Параллель с Жуковским дает почувствовать общий характер поэтической мысли в первом варианте стихотворения: изначально в нем не было второго лица и обращения к нему – был человек вообще, просто человек, который умирает, и авторское Я в его соприкосновении со смертью как таковой. Все попытки толкования этих трех строф с опорой на «имя твое повторить», все гадания о том, чье же это могло быть имя, не имеют оснований в тексте и потому кажутся не вполне корректными[184]. Да, впечатления от смерти матери могли здесь отозваться, как и потрясенность смертью Пушкина, которую Мандельштам как будто бы видел въяве и описал как свидетель в «Скрябине и христианстве», но все впечатления, и эти и другие, обретя здесь поэтическую форму, переплавились в самое общее художественное высказывание. Понятно, что в самой природе лирики это заложено – превращать личное во всеобщее, но мы говорим о теме: не чья-то смерть конкретно, а смерть в ее онтологическом измерении – тема этих стихов; для сравнения напомним, что непосредственным откликом на смерть матери было стихотворение «Эта ночь непоправима…» 1916 года, где на символическом фоне «ворот Ерусалима» описано единичное событие: «В светлом храме иудеи / Хоронили мать мою». Так что пример «русской латыни», которым Мандельштам так дорожил и на котором долго настаивал, находится в гармонии со всем смысловым строем нашего стихотворения.
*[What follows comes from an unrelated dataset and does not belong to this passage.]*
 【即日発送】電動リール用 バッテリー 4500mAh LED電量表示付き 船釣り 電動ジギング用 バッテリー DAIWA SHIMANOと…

Так прочитываются «Сестры тяжесть и нежность…» в том виде, в каком Мандельштам сочинил их и первые четыре раза напечатал. Дальнейшая история текста связана с гумилевским вариантом стиха и с самим Гумилевым, с его судьбой.
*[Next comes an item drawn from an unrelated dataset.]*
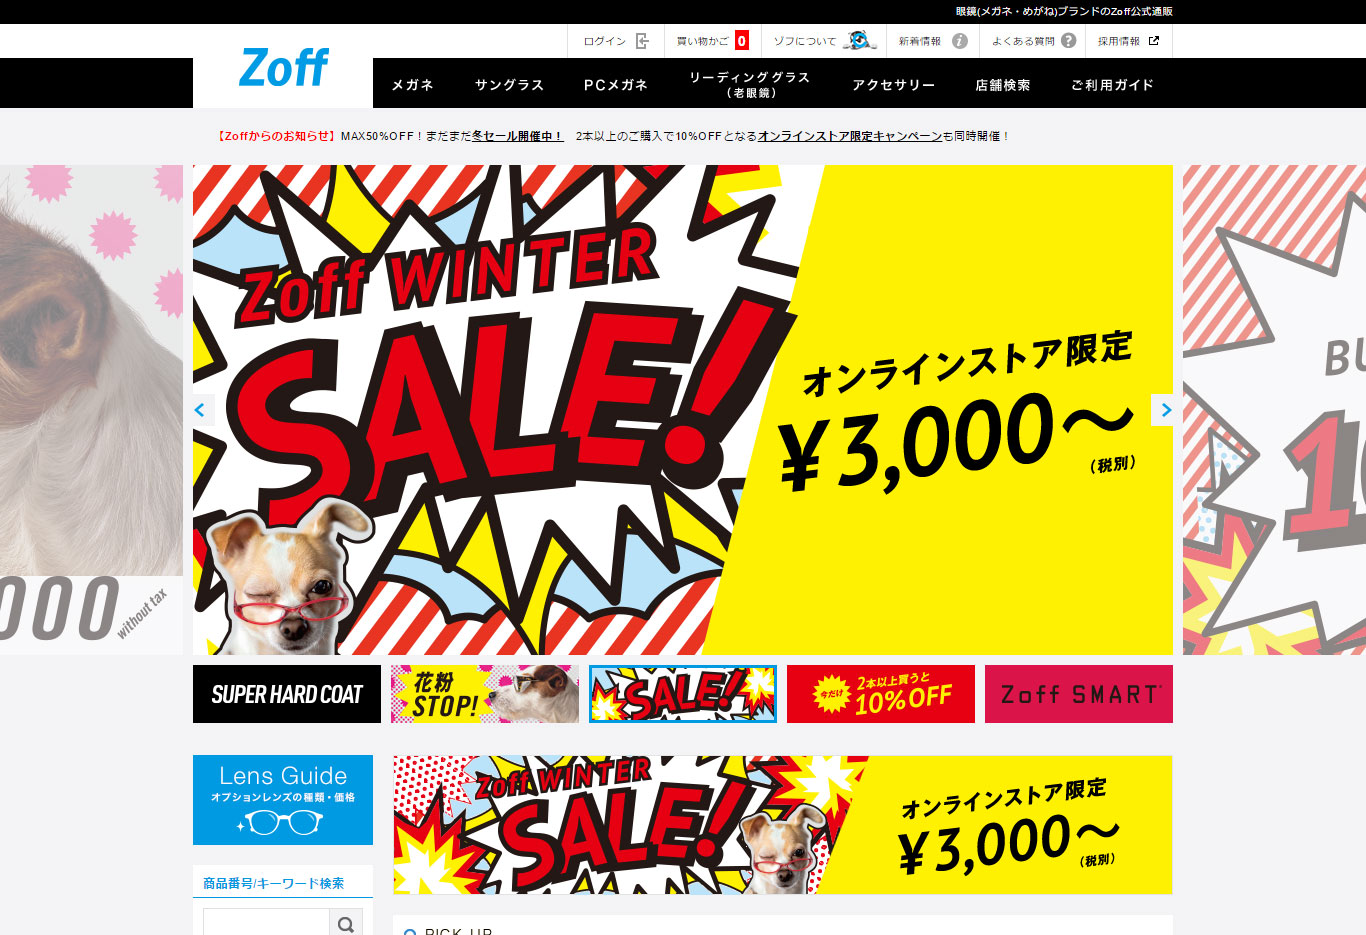 Zoff(ゾフ)通販サイトのご案内の画像

Впервые исправленный текст стихотворения был опубликован в мае 1923 в воронежском журнале «Железный путь» (№ 9), в том же виде «Сестры» вошли в мандельштамовскую «Вторую книгу» (Пб., 1923, сдана в печать в ноябре 1922 года), в сборник «Стихотворения» (М.; Л., 1928) и так теперь печатаются. В двух сохранившихся автографах, как уже говорилось, также зафиксирован окончательный вариант – один из автографов датирован 6 декабря 1922 года, другой, более ранний – без даты, о нем скажем особо.

В книжном кооперативе «Петрополис», где из-за типографского кризиса залежался и никак не выходил из печати мандельштамовский сборник «Tristia», в какой-то момент начали торговать рукописными изданиями – по примеру московской Книжной лавки писателей. В первой половине 1921 года Мандельштам подготовил для «Петрополиса» свой рукописный сборник под названием «Последние стихи», переписав его в количестве пяти экземпляров[185], о продаже рукописи объявлялось в печати[186]. В этот сборник вошли и «Сестры – тяжесть и нежность…» – со стихом, уже исправленным по совету Гумилева. Но весь следующий год печатался прежний текст, и окончательное решение было принято, судя по всему, после гибели Гумилева в августе 1921 года.

Надежда Яковлевна писала: «…Мандельштам постоянно вспоминал высказывания Гумилева о том или другом стихотворении или примеривал, как бы он отозвался о новых стихах, которых уже нельзя было ему прочесть. Он особенно любил повторять похвалу Гумилева: “Это очень хорошие стихи, Осип, но когда они будут закончены, в них не останется ни одного из теперешних слов…”»; «Все замечания Гумилева о стихах Мандельштама (чаще всего в форме шутки) относились к частностям, к какой-нибудь неточности эпитета или сравнения»[187].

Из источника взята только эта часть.